Digital payments used to be a luxury that only very large enterprises could afford, thanks to their ability to invest significantly into the technology and the people to manually support that technology. That’s changed today due to new advancements in integration and automation tech. Businesses across industries have incorporated new technologies to make their internal and external operations run more smoothly. As businesses continue to prioritize digital transformation, it’s more likely the days of paper and manual processing will come to an end.
Nowadays, physical checks can be a hassle for businesses in terms of processing time, high costs and potential for errors or fraud. Digital payments have proven to offer faster, more efficient transactions with lower fees, greater security, and easier record-keeping. As technology continues to advance, businesses that stick with physical checks risk falling behind and missing out on the benefits of more modern payment systems.
The COVID-19 outbreak in 2020 required businesses to rethink their current payment processes and this has trickled into life today in 2023. Companies and customers saw the shift to digital payments as the new ‘business as usual’ approach to avoid the potential risk of infection from handling paper checks. Once the transition away from physical checks took hold, businesses realized numerous benefits that have changed business-to-business payments forever. Here are four key ways that digital payments can have a positive impact and why businesses need to make the switch now:
Greater Security
Even in the digital era, some small businesses are still using paper checks to pay their suppliers and vendors. According to a FinCEN alert back in February, check fraud is on the rise now more than ever. Paper checks are generally seen as more susceptible to fraud because of the important information written on them and they are often seen as unsafe due to how sophisticated fraudsters have become at stealing company checks out of the mail. Additionally, ACH fraud skyrocketed during and after the pandemic, resulting in many treasury banks discouraging companies from utilizing ACH too broadly unless they invested in technology or services to mitigate fraud risk. Therefore, companies are looking to payments providers that provide both optionality and increased security to avoid the seemingly constant fraud attempts that create such a headache to resolve.
More Time Savings
For years, companies have turned to solutions like single-use virtual cards and full-scale accounting and reconciliation automation to allow for invoices to be paid for the correct amount at the time needed. Similar to payroll automation, vendor payments are now speeding up. This payment method also enables the accounting team to easily track each payment digitally without needing to worry about the paper trail. Furthermore, automating and digitizing payments provides more time for the employees across accounting, finance, accounts payable and receivable to focus on more high-value tasks to help drive more business.
Cost Efficiency
As is typical across industries, consumer adoption of new technologies outpaces that of businesses—that’s the nature of the market. When it comes to payments, businesses have been lagging by a wider margin. A common excuse businesses make is the cost of updating infrastructure to move to digital payments, however there is a significant cost efficiency by making the transition. According to Juniper Research, the average business has 24% of its monthly revenue held up in accounts receivable. With readily available and affordable B2B payment technology, this simply doesn’t need to be the case. Digital payments allow for quicker settlement of payments for a business and greater opportunity for growth, far outweighing any upfront investment.
Faster Payments
Among the many advantages of using digital payments is the speed at which companies can now pay their vendors and receive money from their customers.

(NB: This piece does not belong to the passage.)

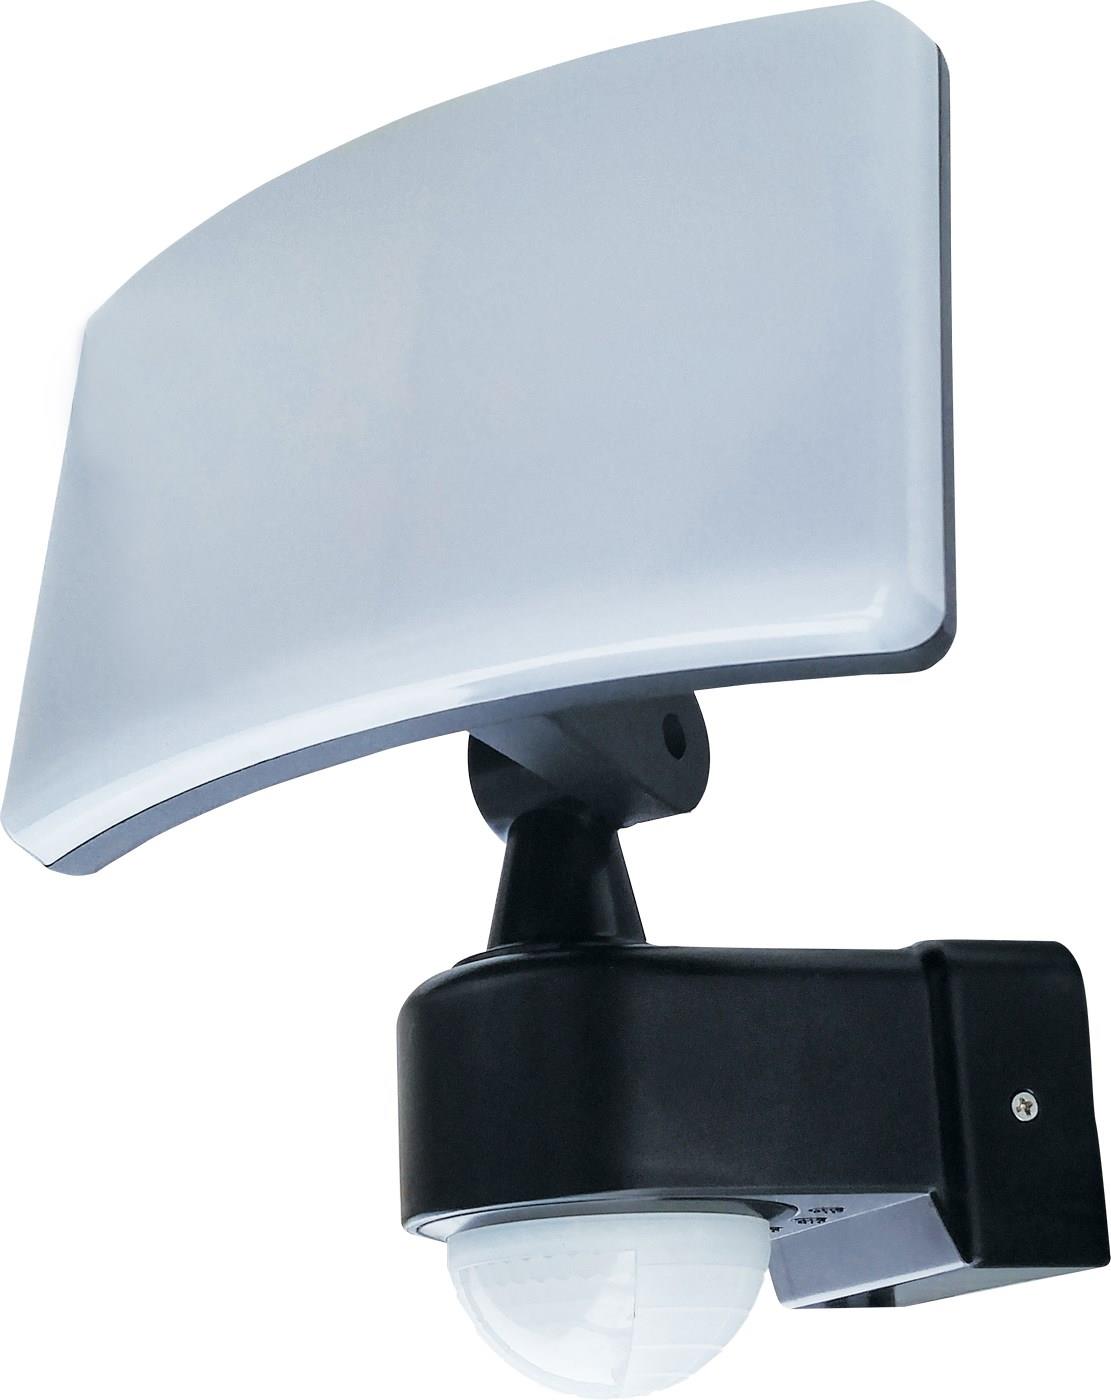 LED pøisazené nástìnné svítidlo s èidlem ATLAS 30W PIR NW, 4000K, 2100lm, IP65, Greenlux GXPS125 - zvìtšit obrázek

The hassle of writing a check that is susceptible to human error can often result in the time suck of voiding an incorrect check and restarting the process. Additionally, the time it takes to process inbound checks slows the settlement and revenue realization timeline. With digital payments, the transactions can take mere seconds, and there is no need to go to the bank to cash checks. Instead, the business can get the funds much more quickly, ensuring more time for growing the business itself.
The Future of Digital Payments
There’s no question that B2B digital payments represent the future of the payments industry. As businesses continue to make digital transformation a priority, digital payments offer faster, more efficient transactions with lower fees, greater security, and easier record-keeping—while checks represent a liability in terms of processing time, high costs and potential for errors or fraud. New methods of check fraud will continue to emerge in the future as fraudsters become more persistent and advanced, painting an even more compelling picture for the future of digital payments. At this point it’s not a question of if businesses should adopt digital payments, but a question of when it will become the standard across the board.